Rather than find Miley's encounter with the penis-shaped pastry endearingly vulgar, however, conservative watchdog group the Culture and Media Institute treated the incident as the final layer of icing atop a figurative "Miley Cyrus is a godless whore" Satancake (which, y'know, is like a regular cake, except filled with fire and brimstone and Westboro Baptist Church founder Fred Phelps' pubes). The organization, which aims to "preserve and help restore America's culture, character, traditional values, and morals against the assault of the liberal media elite," recently slammed Cyrus for her "sleazy" behavior, calling the penis cake "disgusting" and Miley herself "the epitome of the anti-role model for young girls."
This is not the first time the CMI has aimed its specific brand of self-righteous indignation at the former Disney pop princess. After Cyrus released her video for "Can't Be Tamed" in 2010, the group coined the term the "Miley Cyrus Effect" to describe the trend of young girls "act[ing] like trashy adults" in public. This time, however, the CMI views Cyrus's SexyCakes snafu as indicative of a larger trend of "Hollywood promoting women behaving badly," pointing to the upcoming raunch comedy Bachelorette starring Kirsten Dunst as evidence that the "liberal media elite" is turning female moviegoers across the country into vodka-swigging, pot-smoking, penis-cake-licking prostitution whores.

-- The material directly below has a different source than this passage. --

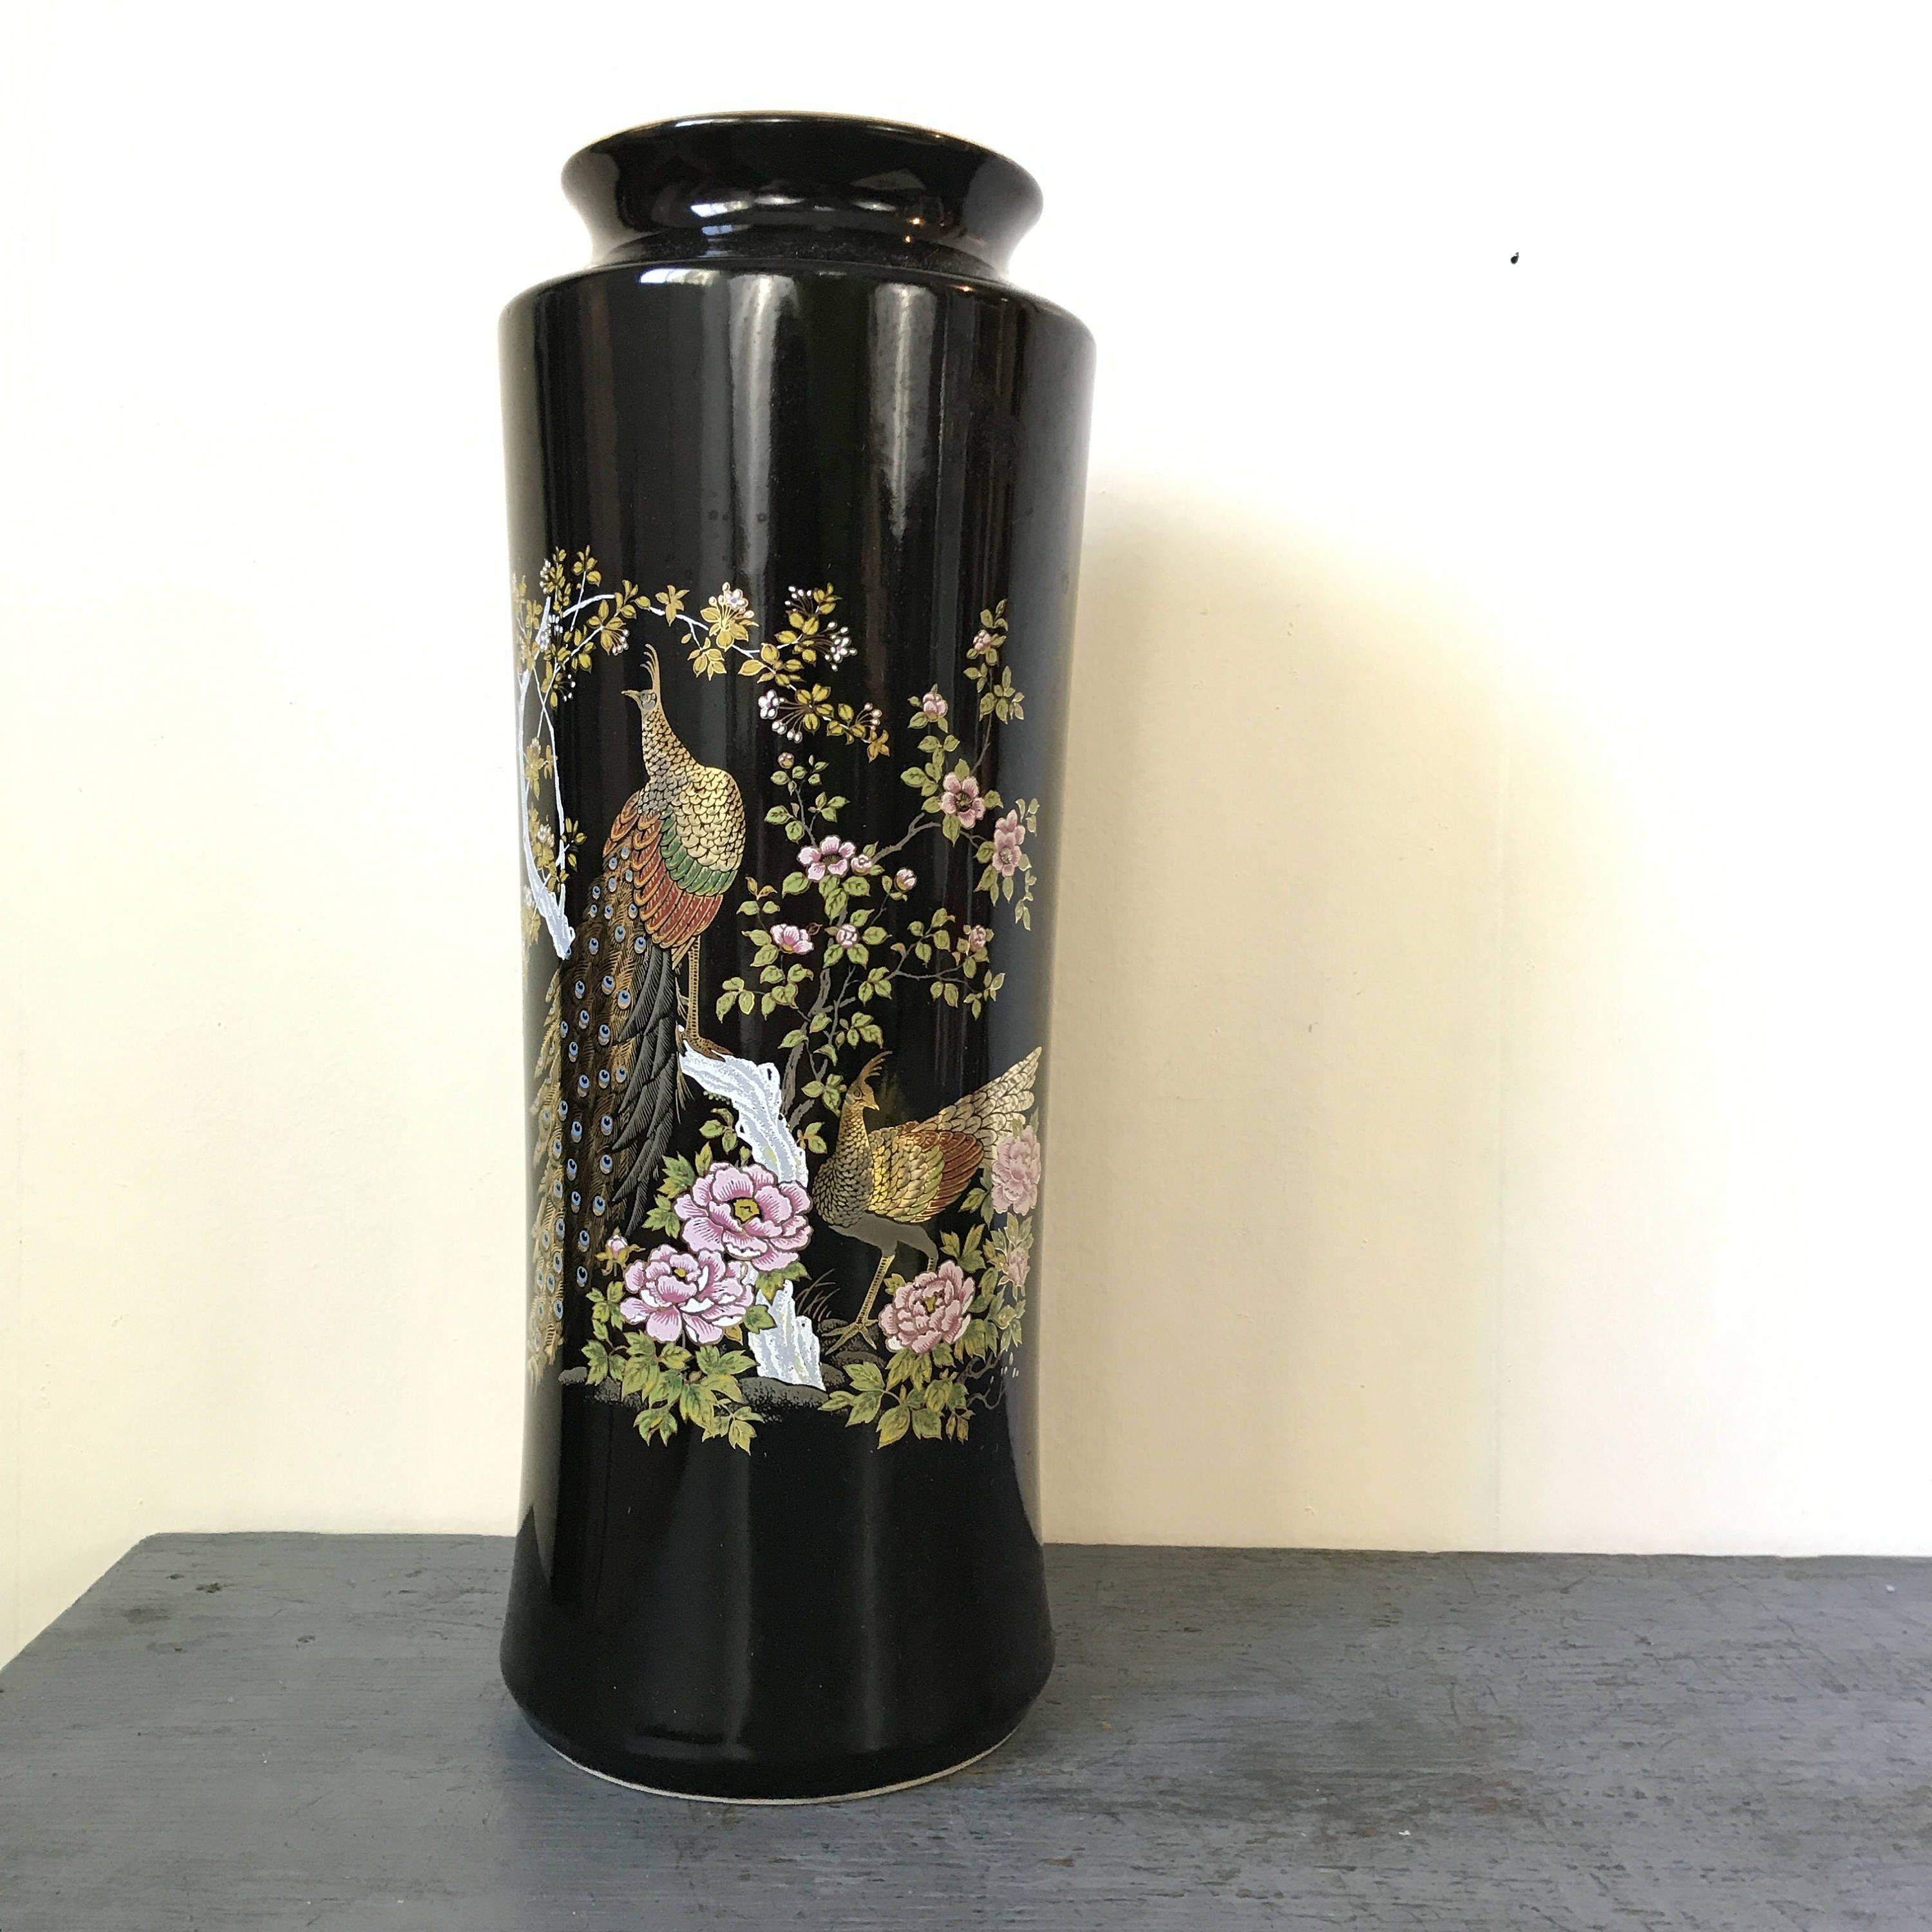 10 Recommended Vintage Brass Vase 2024 free download vintage brass vase of black ceramic vase images living room white vase elegant r 00 koi pertaining to black ceramic vase stock vintage ceramic vase japanese peacock floral asian chinoiserie 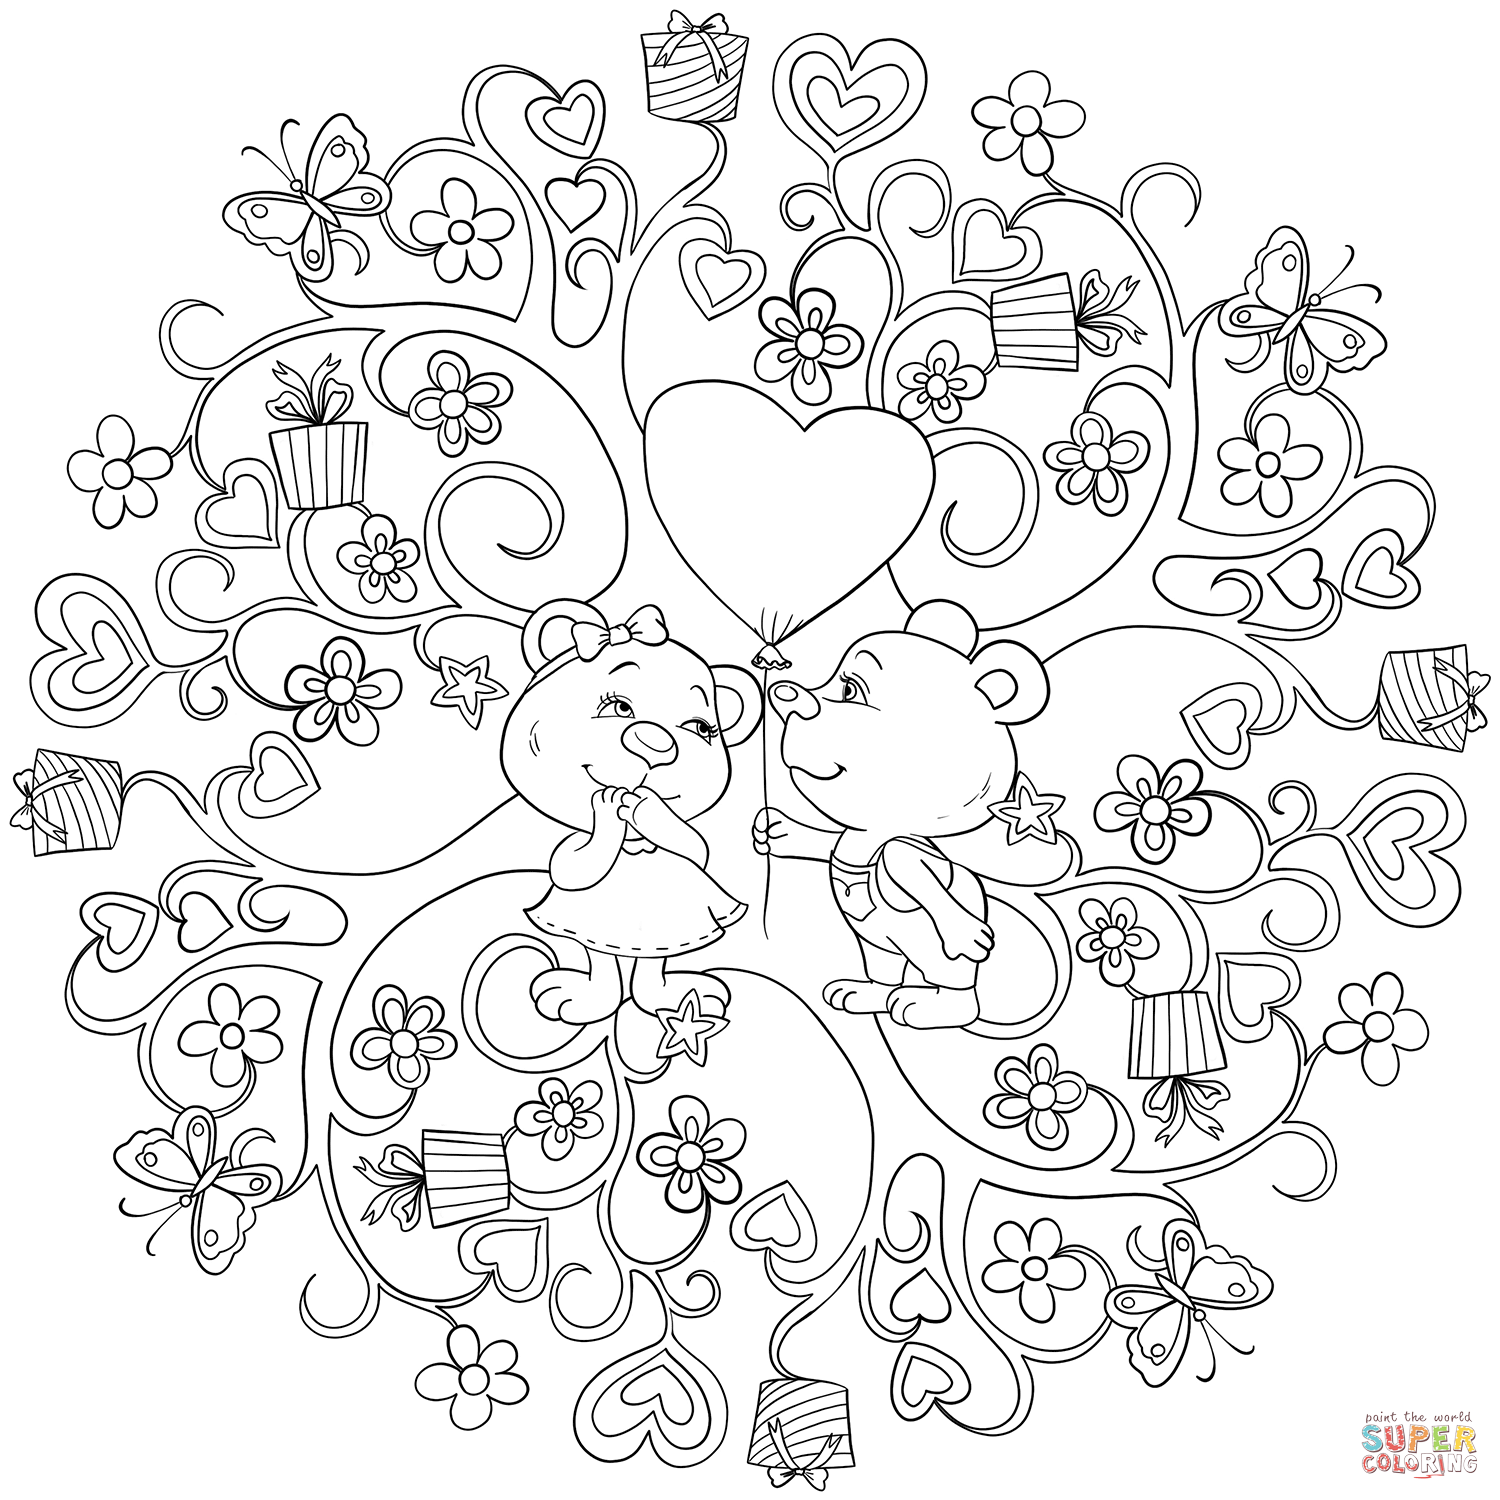 St valentine mandala with two cute bears coloring page free printable coloring pages

So let's say, for the sake of argument, that CMI has a point. Let's say that all the women in Hollywood — Miley Cyrus, Kirsten Dunst, the entire cast of Bridesmaids, and Flo the Progressive Insurance Lady — are collectively turning the ladies of America into foul-mouthed, ill-mannered Dane Cooks with uteri. If this is the case, then let me just be the first to say that that is fucking awesome, and we should all thank Miley for her contributions to American feminism by driving over to the nearest Wal-Mart and buying up every single DVD of The Last Song.